Leading up to the release of Endless Now Male Bonding said they were looking to shake the lo-fi label of Nothing Hurts; and to do so they hunkered down in Dreamland Studios, a converted church in Woodstock, New York, with studio vet John Agnello (Dinosaur Jr., Sonic Youth, among many, many others). Compared to Nothing Hurts, Endless Now sounds like the band spent the past year vigorously scrubbing away all the grit and grime and then decided to dowse the masters in Clorox just to make sure. Hyperbolic? Yeah – it’s not like Male Bonding are no longer sound like a punk band. But still, though the rubbery bass line of “Tame The Sun,” which kicks off Endless Now, is quick and crackles just enough, when the rest of the band bursts in the pace seems to slow the slightest bit, the drums steady and almost cautious, the space between each strum of the guitar greater. At first it sounds sloppy and dull. At first all I could think was: ‘Damnit, this is gonna be a serious bummer.’

But what Male Bonding sacrifice in frenzied inhibition and garage aesthetics, they make up for in confidence and clear cohesion. Here the vocals and harmonies are pushed forward so that they waft calmly, sweetly, over the ruckus underneath; John Arthur Webb’s scuzzy guitar is given the room it deserves to breathe; and perhaps best of all, the superb drumming of Robin Silas Christian has been unleashed – there are few things more satisfying on this record than the myriad metallic pops of Christian’s snare rolls, especially those that build from mush to single distinct cracks.

From the wailing guitar licks that pierce through “Tame The Sun” to the rumbling bass and tom-toms during the verse of “Mysteries” that sporadically give way to quick guitar skronks before bursting into one of the record’s biggest choruses, it’s hard not to get lost in Endless Now. The epic first single “Bones” swirls restlessly for over six-minutes, and though it’s far from the record’s most exhilarating track, the mesmerizing, reverb-soaked haze and, again, those distant, swooning vocals wash over you and undoubtedly set the tone for the rest of the record. Even at its most vigorous, like hook-riddled highlights “What’s That Scene?” and “Channeling Your Fears” there’s this ennui that holds steady throughout Endless Now, whether its the band descending into a dissonant, minimal bridge, or the generally slower pace (again, compared specifically to Nothing Hurts), or simply the fact that you can only pick out about half the lyrics while you convince yourself that you totally understand the rest. It can be frustrating at times, almost as if you feel like you could will the band to make this line clearer here or turn up the distortion a bit more there.

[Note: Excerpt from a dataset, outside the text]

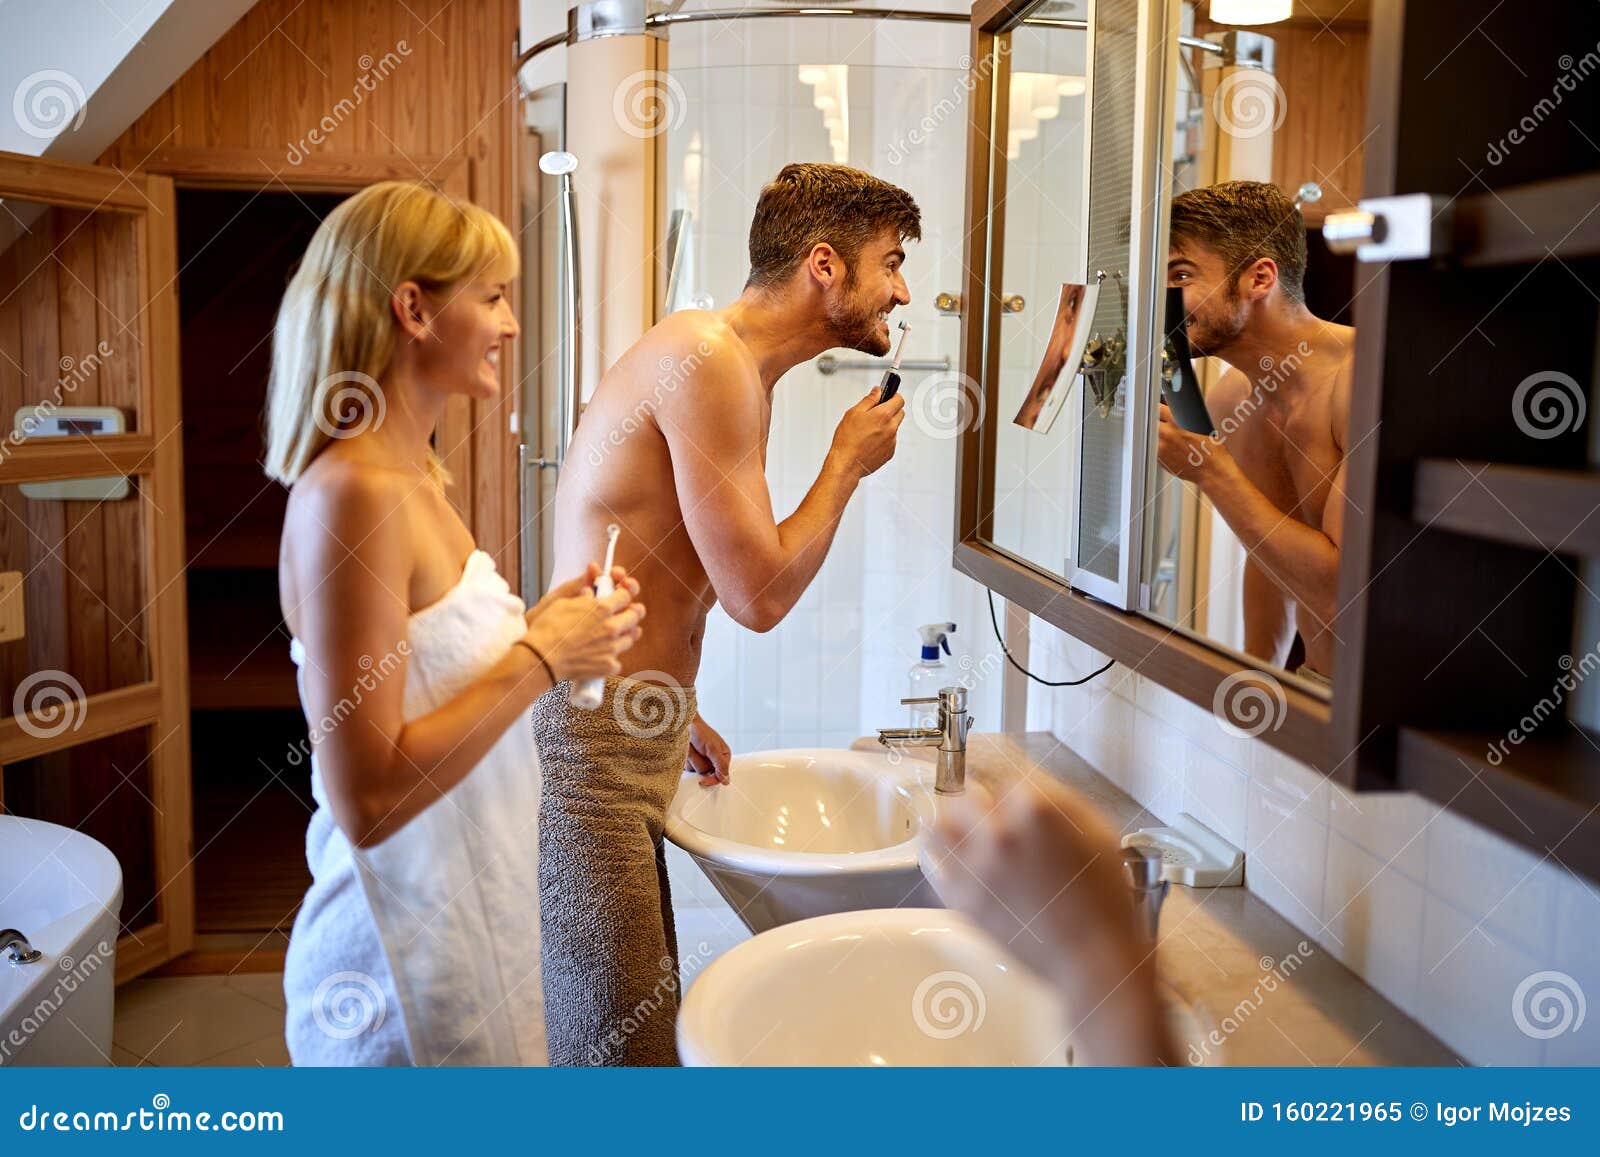 С женой друга в ванне. Пара перед зеркалом в ванной. Двое в ванной. Пара чистит зубы в ванной. Чистка ванной паром.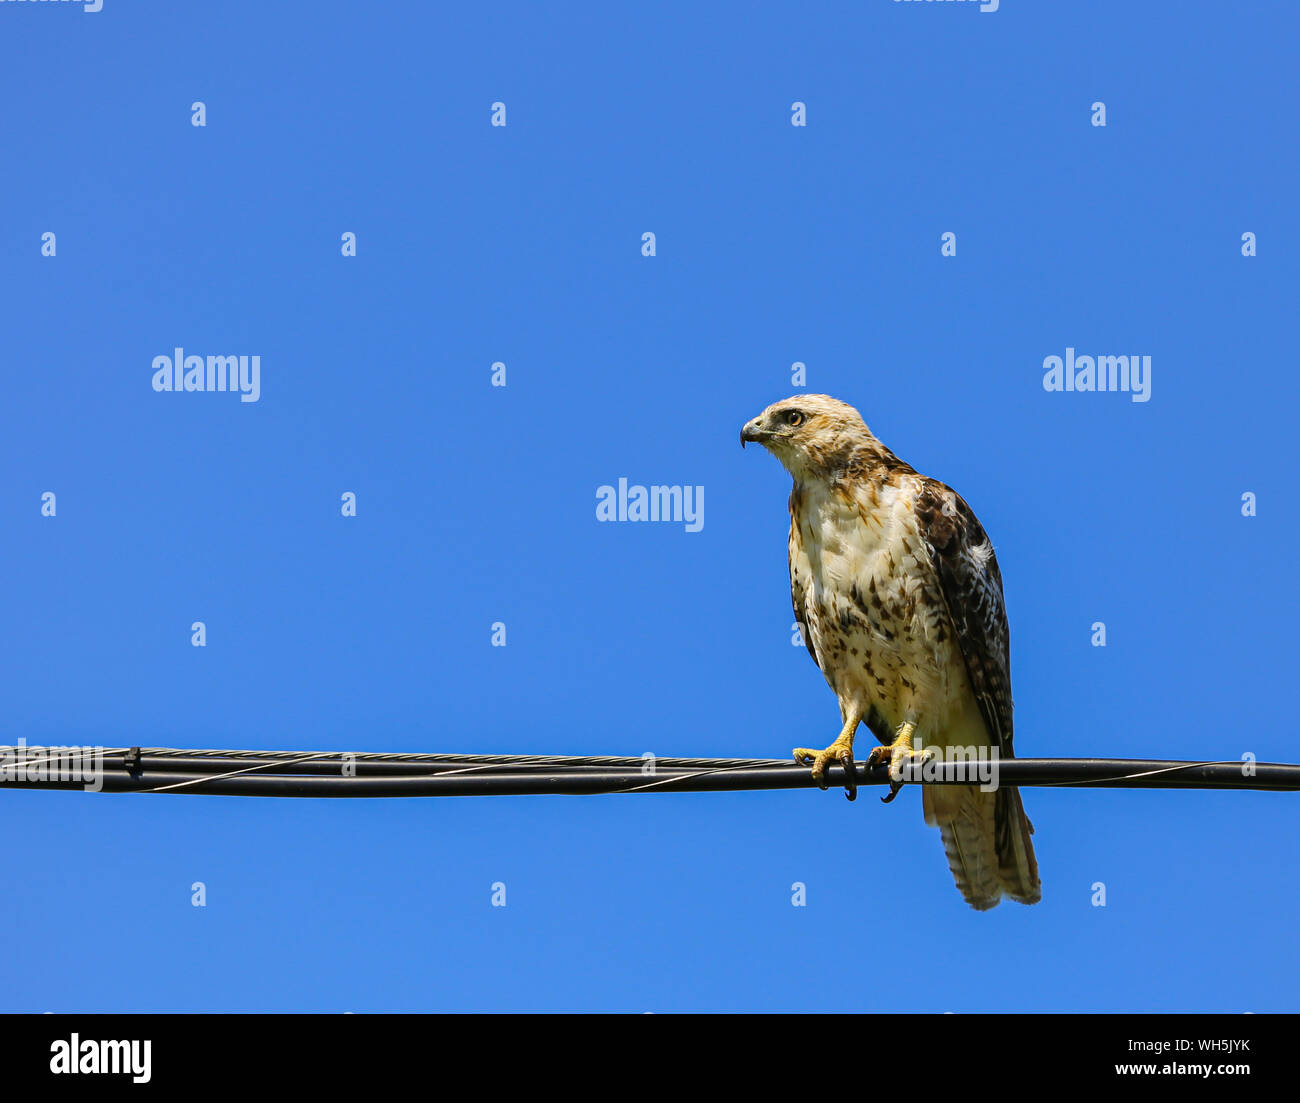 El perfil lateral de una joven Cooper's Hawk en una línea eléctrica contra un cielo azul claro. Foto de stock

But then you get the pure pop-punk gold of “Dig You,” which ends in a vamp of detached joy: The lyrical hook – “Know that it won’t go / Know that it won’t go” – sung over and over complete with harmonized guitar licks and freaking hand claps, until finally the song comes to its logical conclusion, that incomplete phrase landing solidly, expectantly, wonderfully, “Know that it won’t goooo awayyyy.” And, of course, it’s these moments of pop clarity that truly make Male Bonding a unique band, but also put them in a peculiar position with Endless Now. As wonderful as this record is, there are points where you can’t help but feel it’s missing something, that it might just be the slightest bit better if it had the anxious tumult of their first record. But to want that is to want Male Bonding to not progress as a band, to not push themselves further. So think of Endless Now as a sturdy yet slightly uncertain move forward, but a step in the right direction nonetheless.